According to a fascinating piece by Peter Applebome in the New York Times, the State University of New York (SUNY) is trying to change. Like so many things about New York State—the prison system, the thruway, the economy—SUNY is gigantic and doesn’t really work very well.
The university has constant funding battles with the state and, in part because it doesn’t have a flagship school, the SUNY divisions have trouble marketing themselves to high school students and outsiders. Nancy Zimpher, the chancellor of the system, is trying to fix that. According to the article:
For much of this year, Dr. Zimpher has been crisscrossing New York State, PowerPoint engaged, promoting “The Power of SUNY,” with its pragmatic and somewhat buzzy bullet points — “SUNY and the Entrepreneurial Century,” “SUNY and the Seamless Education Pipeline,” “SUNY and the World” — about the university as economic and community-building engine for tough times. Dr. Zimpher is somewhat famous in higher education as a tireless and creative marketer.
“My belief is that to move an organization forward you have to have a common, comprehensive and ambitious agenda,” Dr. Zimpher said. “It has to be aspirational. It has to move you. I think the full manifestation of SUNY is underexposed and underexploited.
Apparently something has to change at SUNY, but Zimpher’s not quite sure what. It’s a constant tension at a university that’s only about 60 years old. One of the last state universities created in America, it’s got 64 campuses, some of them research universities, some of them liberals arts colleges, some of them specialized schools, and some of them community colleges.
All of this was fine as long as the money kept flowing from the state (the system was tuition free until 1963), but now that it’s drying up ($634 million less in state funds over the last three years), many SUNY schools want branch out and become more distinct, in part in hopes of capturing private money. The recent efforts of one potential SUNY Stony Brook funder highlight how this works. More money in private donations means more money for the school, but it essentially means giving up on the whole concept of the state university.

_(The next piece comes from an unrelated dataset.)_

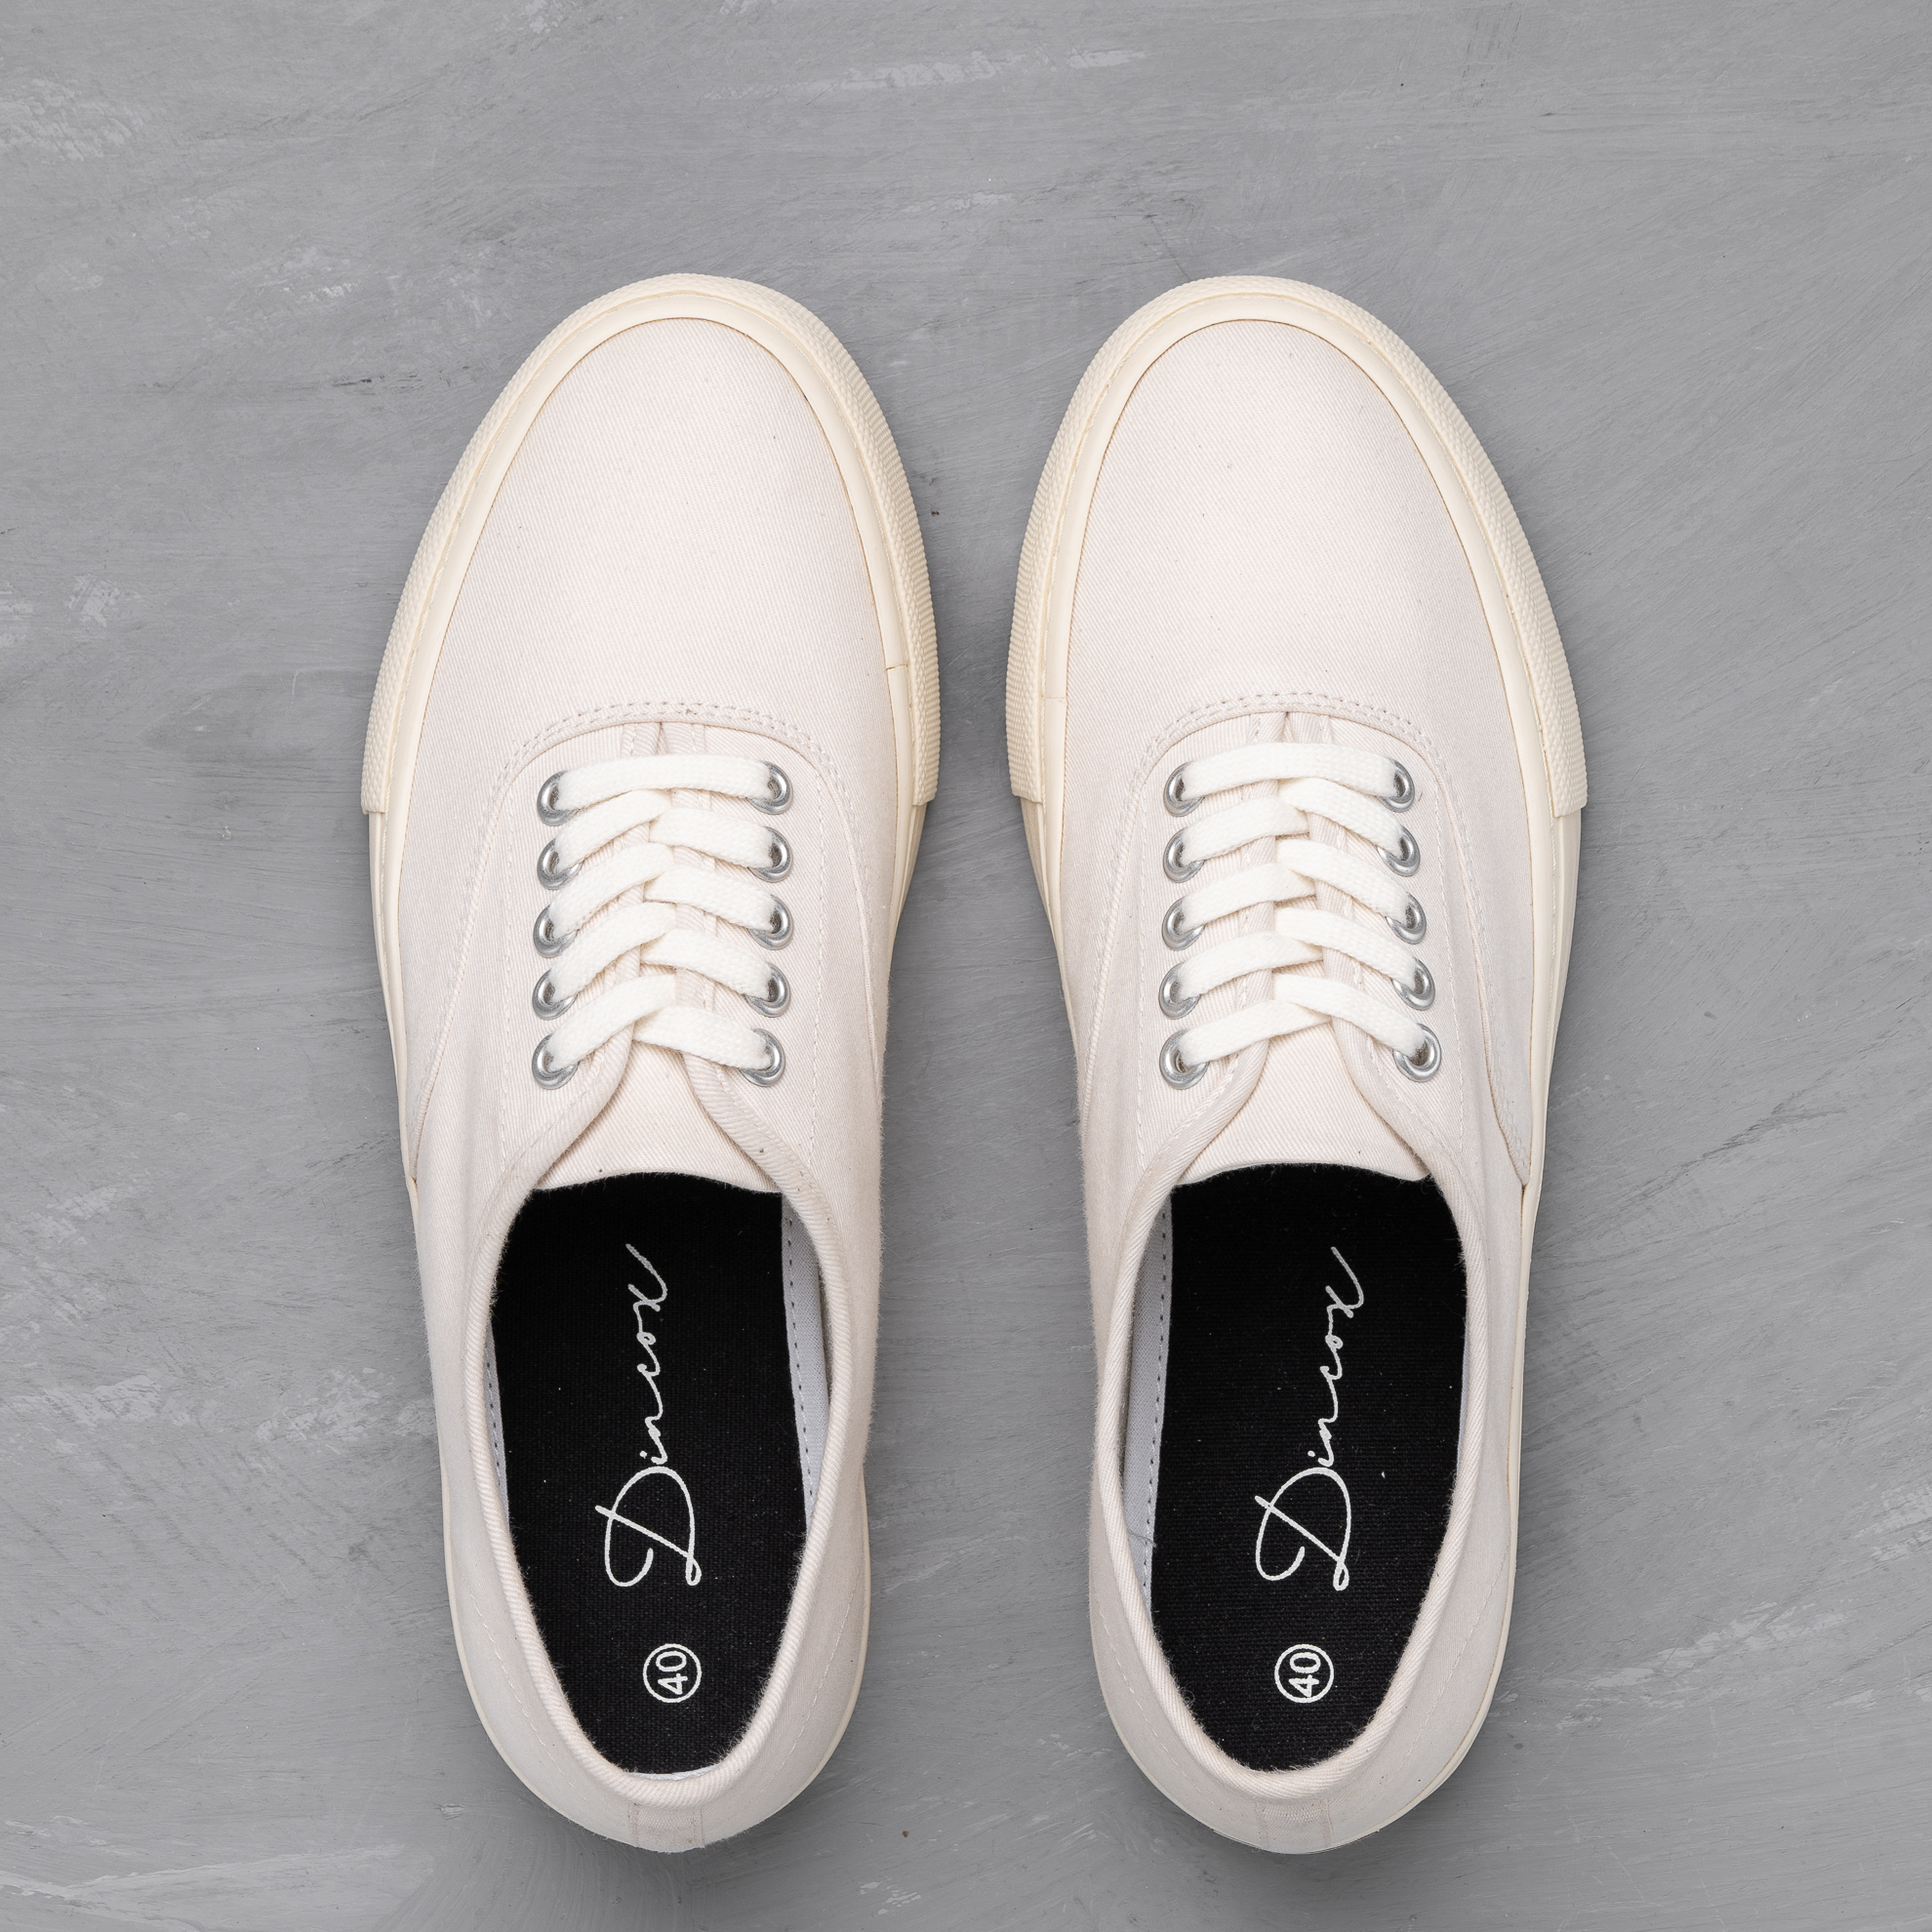 Giày Sneaker Nam Vải Canvas DINCOX E06 Off White Đơn Giản Tinh Tế Sang Trọng

Phillip Smith of the United University Professions union said that private partnerships tend not to work out for public universities: “The public-private partnerships the university has entered into in the past… not only have they not brought significant and continuing dollars into the university, but instead have caused a long-term drain on university revenues and financial resources.”
But at this point private partnerships are looking like the best option for many public schools. New York State used to cover about 80 percent of SUNY costs. Now it’s down to near 30 percent.